■ STUDY MATERIAL
+ + +
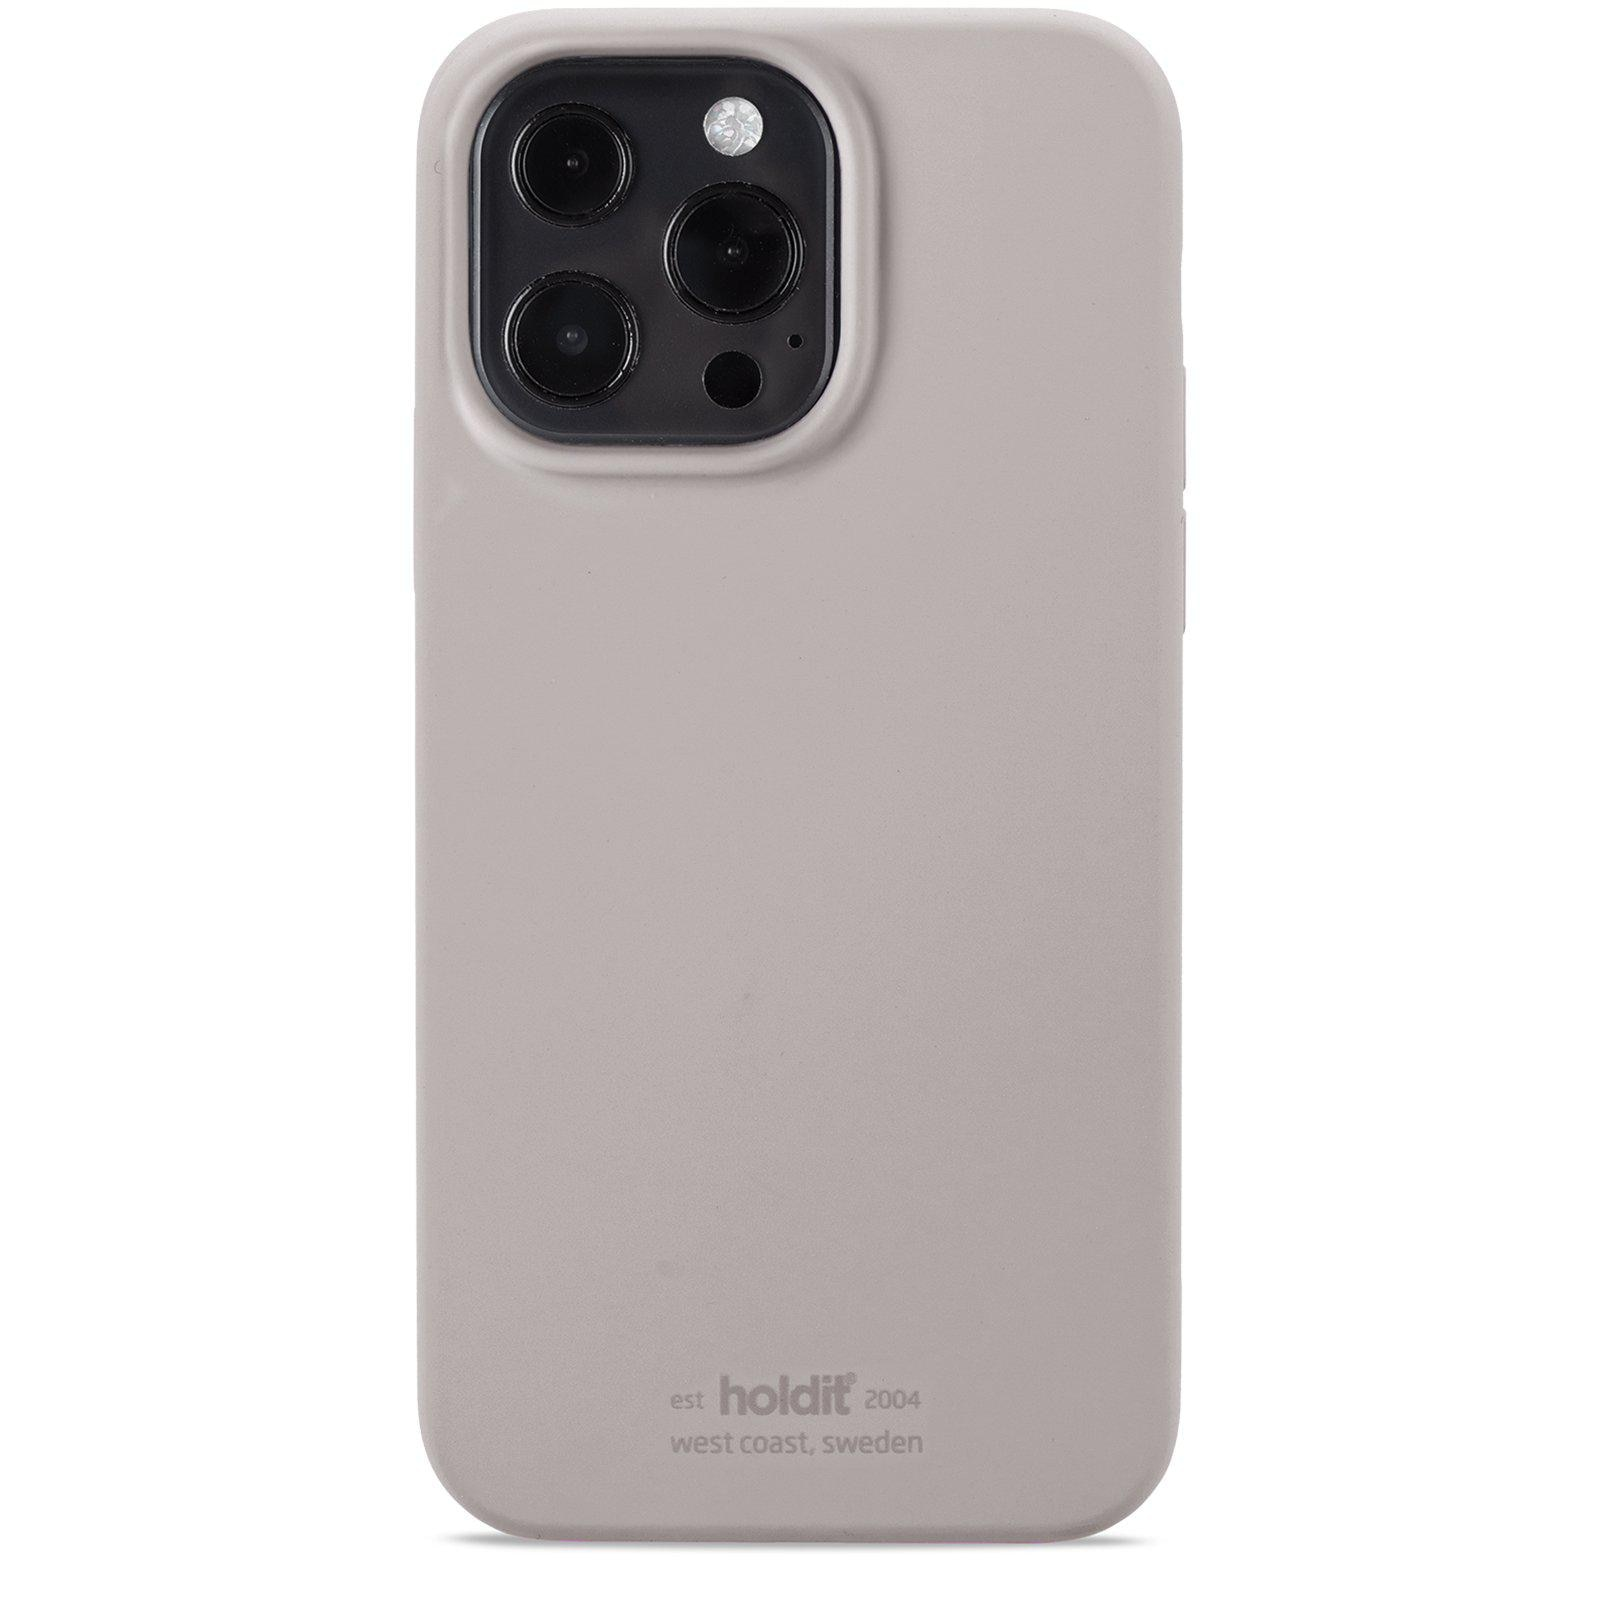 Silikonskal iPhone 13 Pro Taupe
+ + +
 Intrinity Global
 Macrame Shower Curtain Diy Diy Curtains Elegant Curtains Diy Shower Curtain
+ + +
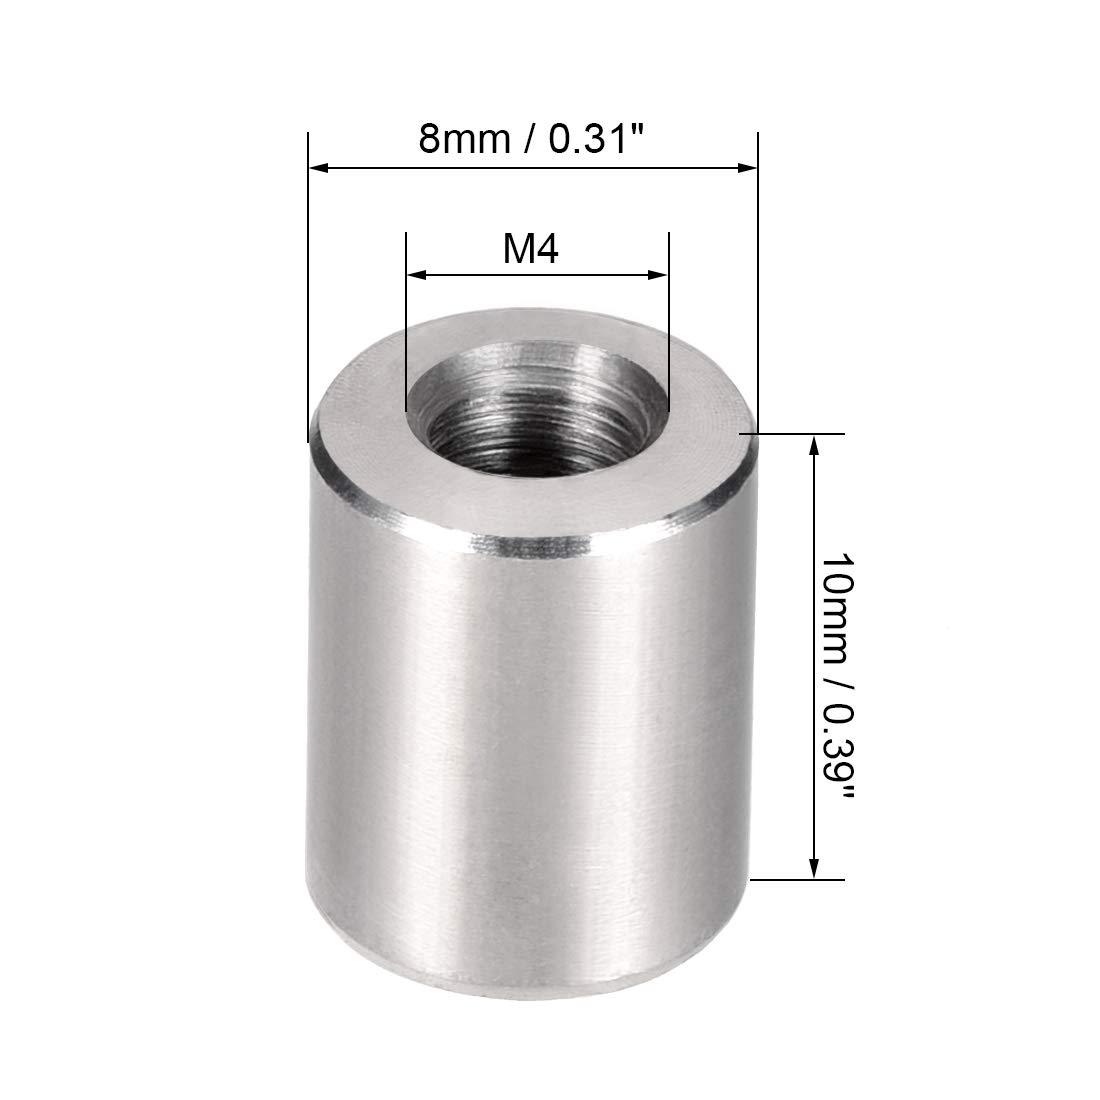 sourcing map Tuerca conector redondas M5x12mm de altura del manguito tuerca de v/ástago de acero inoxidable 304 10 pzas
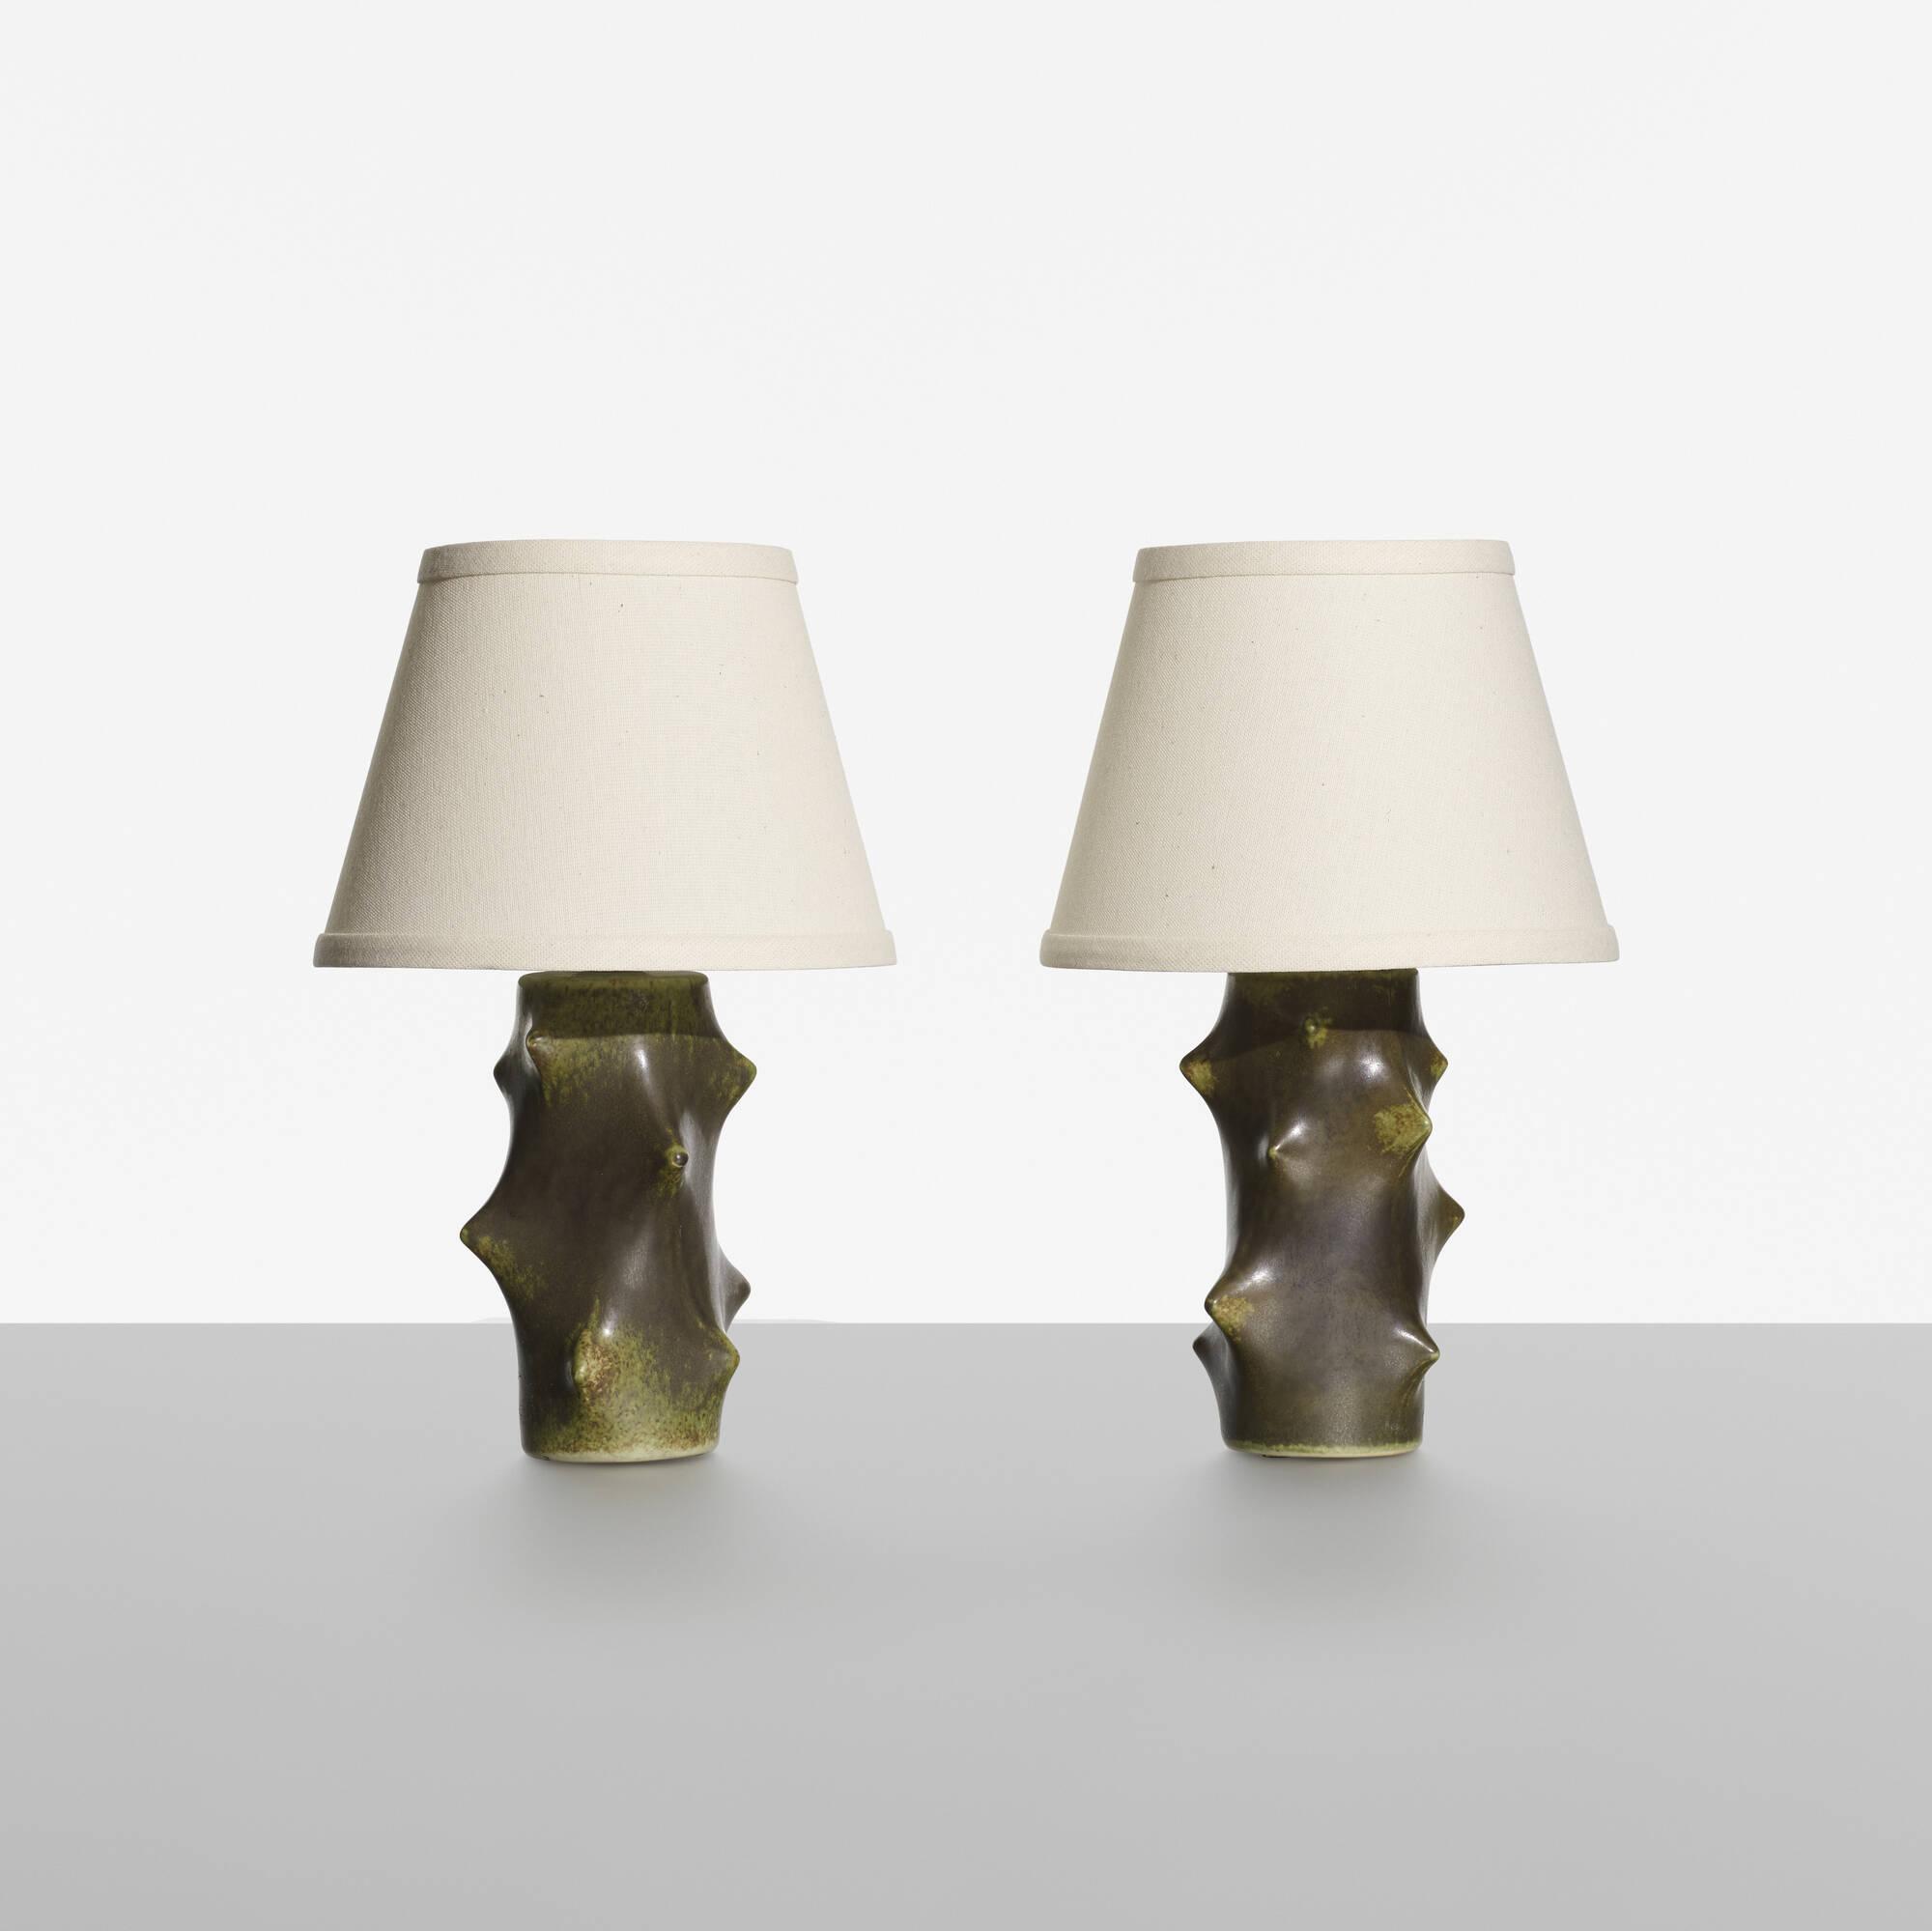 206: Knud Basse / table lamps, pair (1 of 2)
+ + +
■ INSTRUCTIONS FOR THE TASK
Extract from the listing above the lines between the line containing "Intrinity Global" and the line containing "Macrame Shower Curtain", keeping both of those lines. Output nothing else.

■ FINISHED TASK
 Intrinity Global
 Macrame Shower Curtain Diy Diy Curtains Elegant Curtains Diy Shower Curtain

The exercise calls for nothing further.